Your response should consist of the entire listing, transcribed exactly, with every image left out.

» **Raw data**:
■ ■ ■ ■ ■
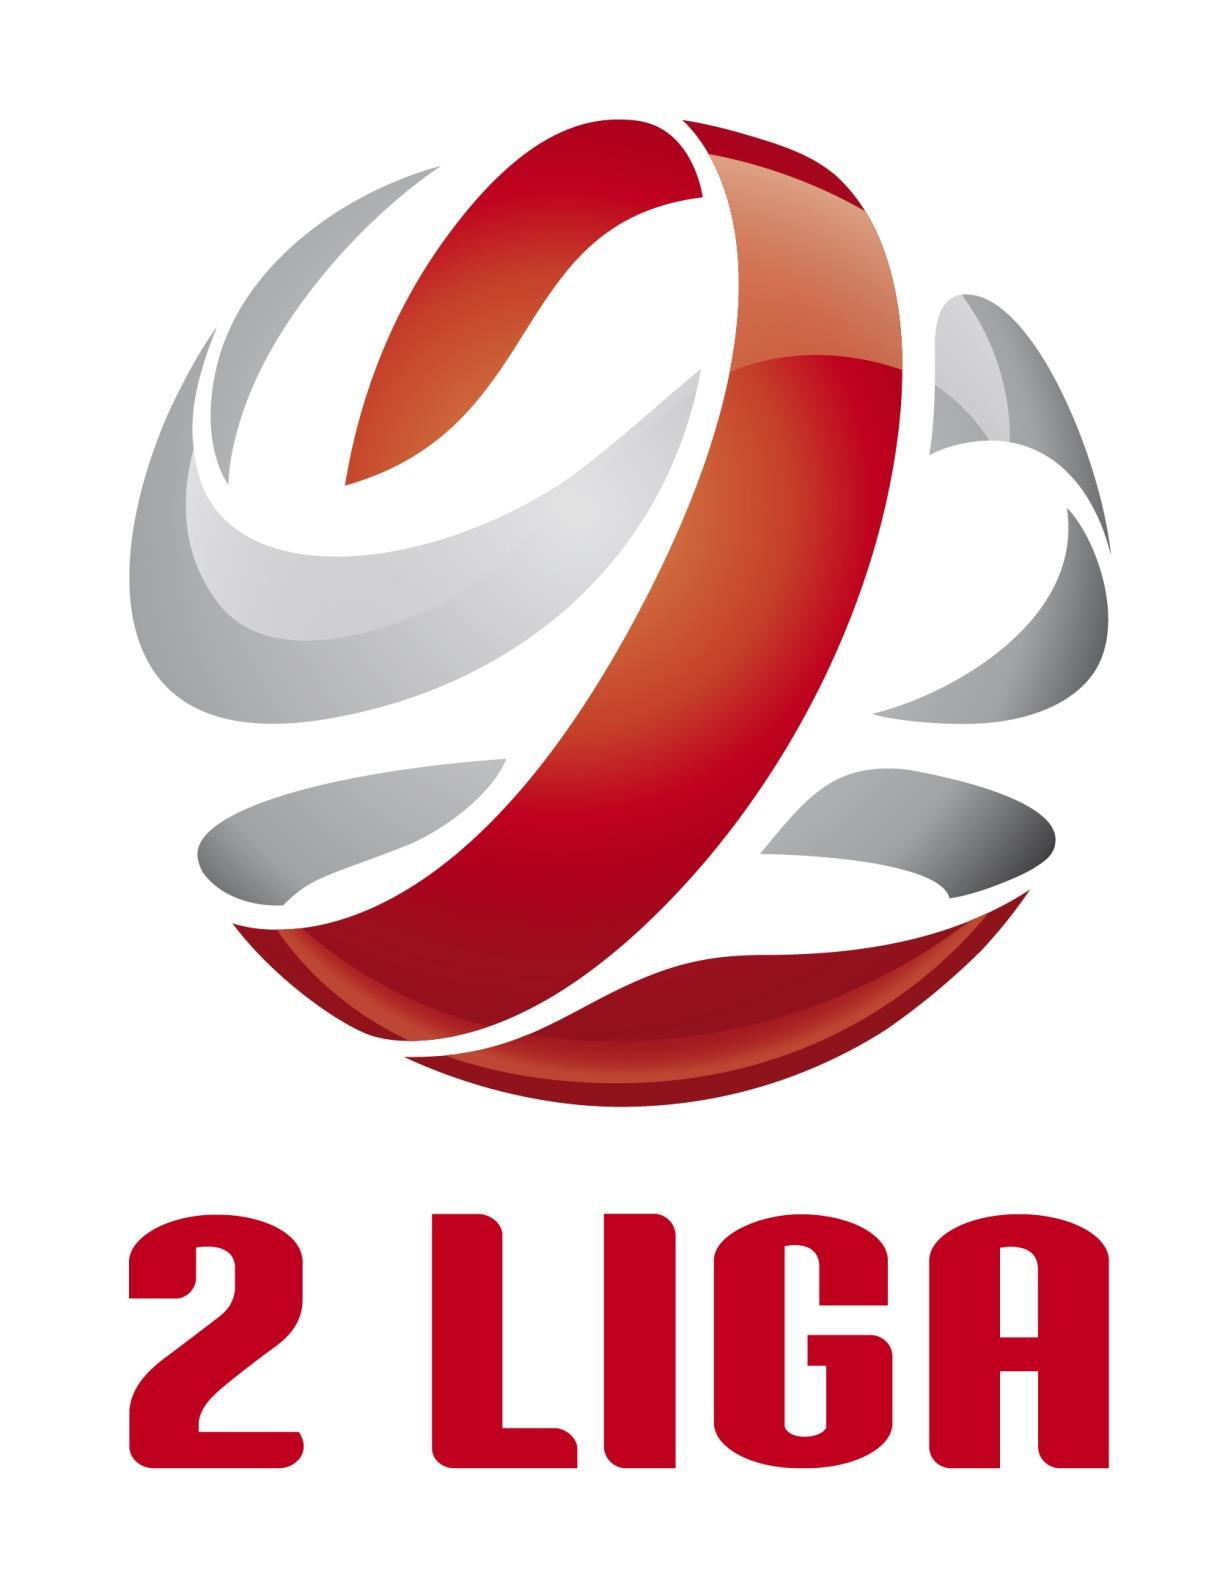 Załącznik nr 2 do Uchwały nr V/83 z dnia 26 maja 2014 roku Zarządu Polskiego Związku Piłki
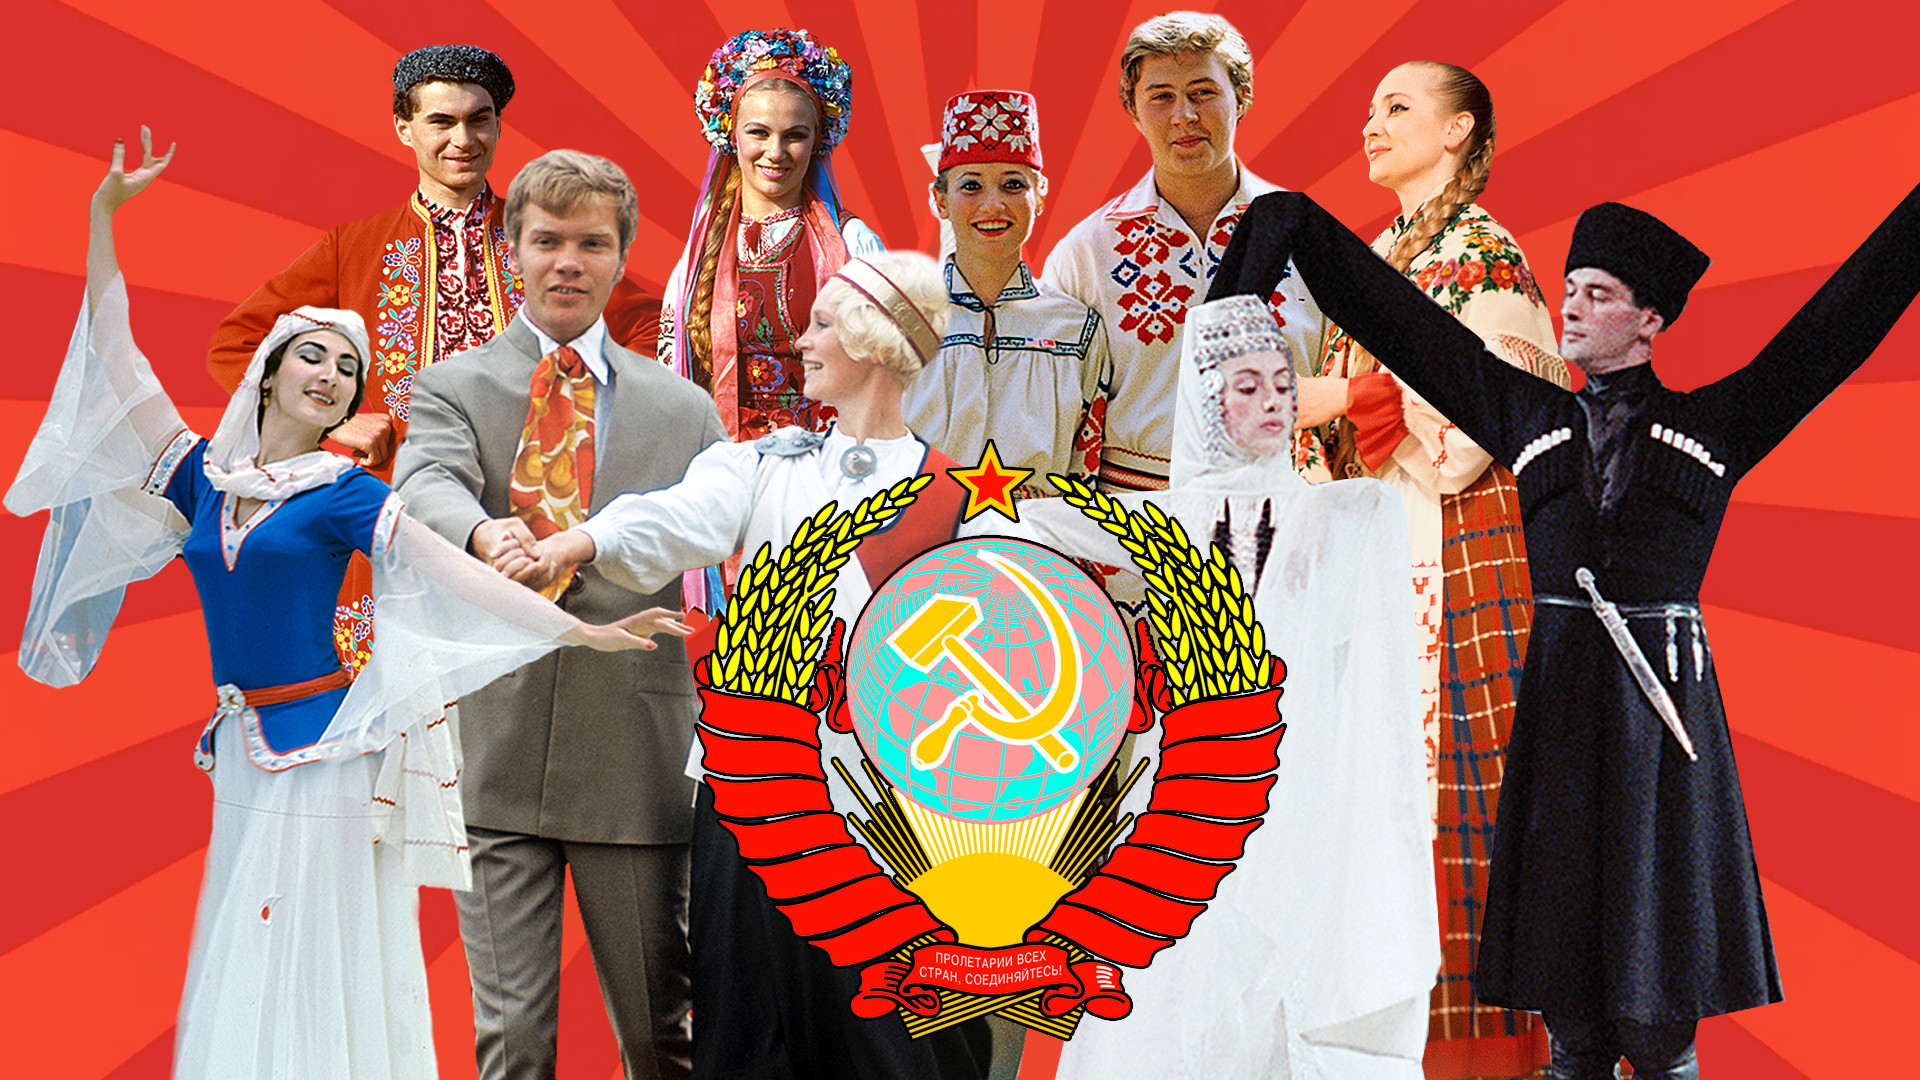 ソ連の民族衣装とはどのようなものだったのか ロシア ビヨンド
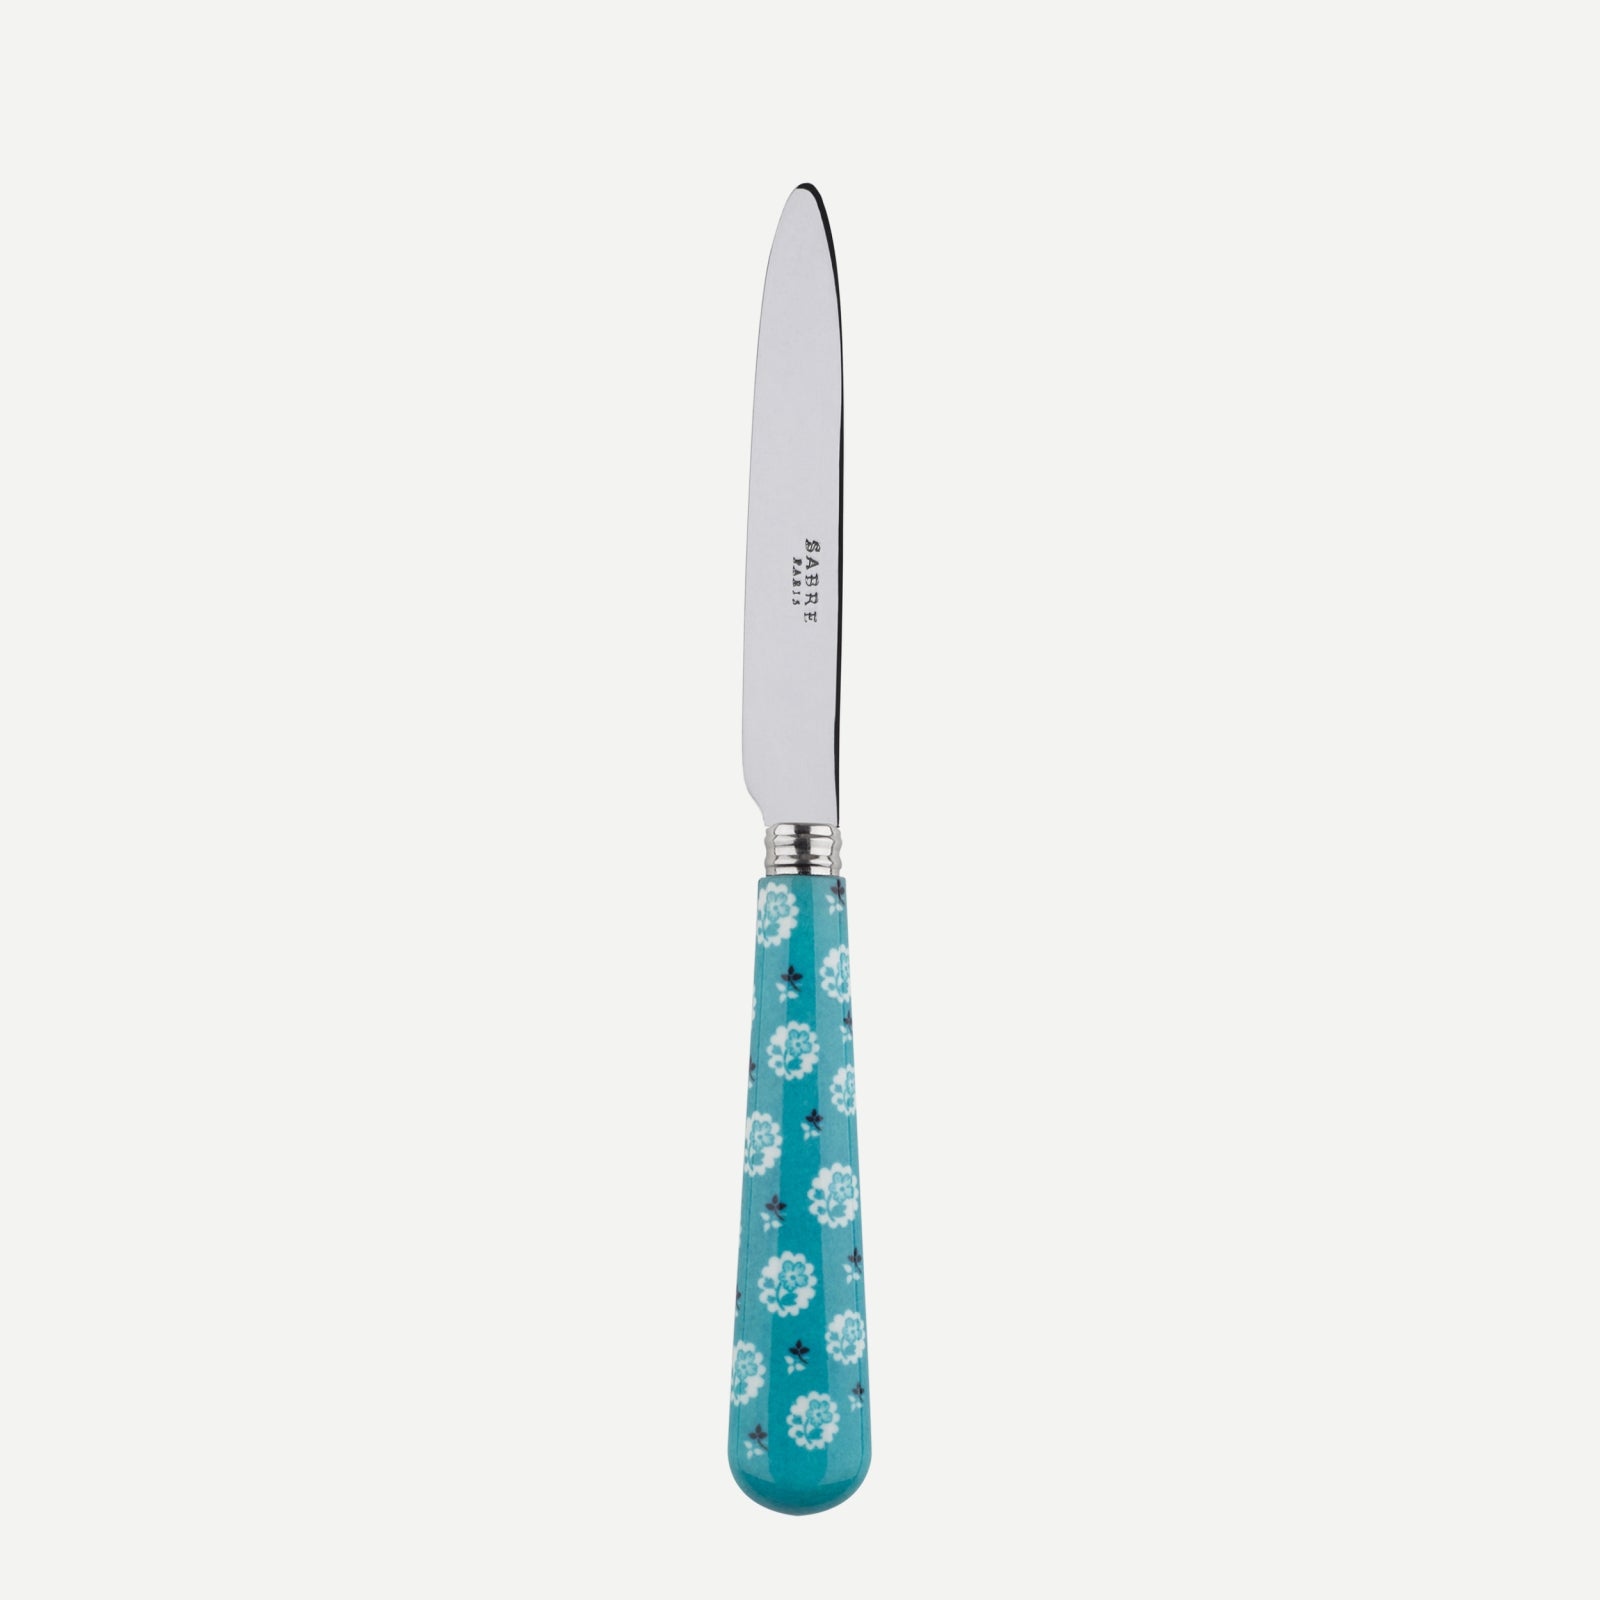 Dessert knife - Provencal - Turquoise
■ ■ ■ ■ ■
» **Response**:
 Załącznik nr 2 do Uchwały nr V/83 z dnia 26 maja 2014 roku Zarządu Polskiego Związku Piłki
 ソ連の民族衣装とはどのようなものだったのか ロシア ビヨンド
 Dessert knife - Provencal - Turquoise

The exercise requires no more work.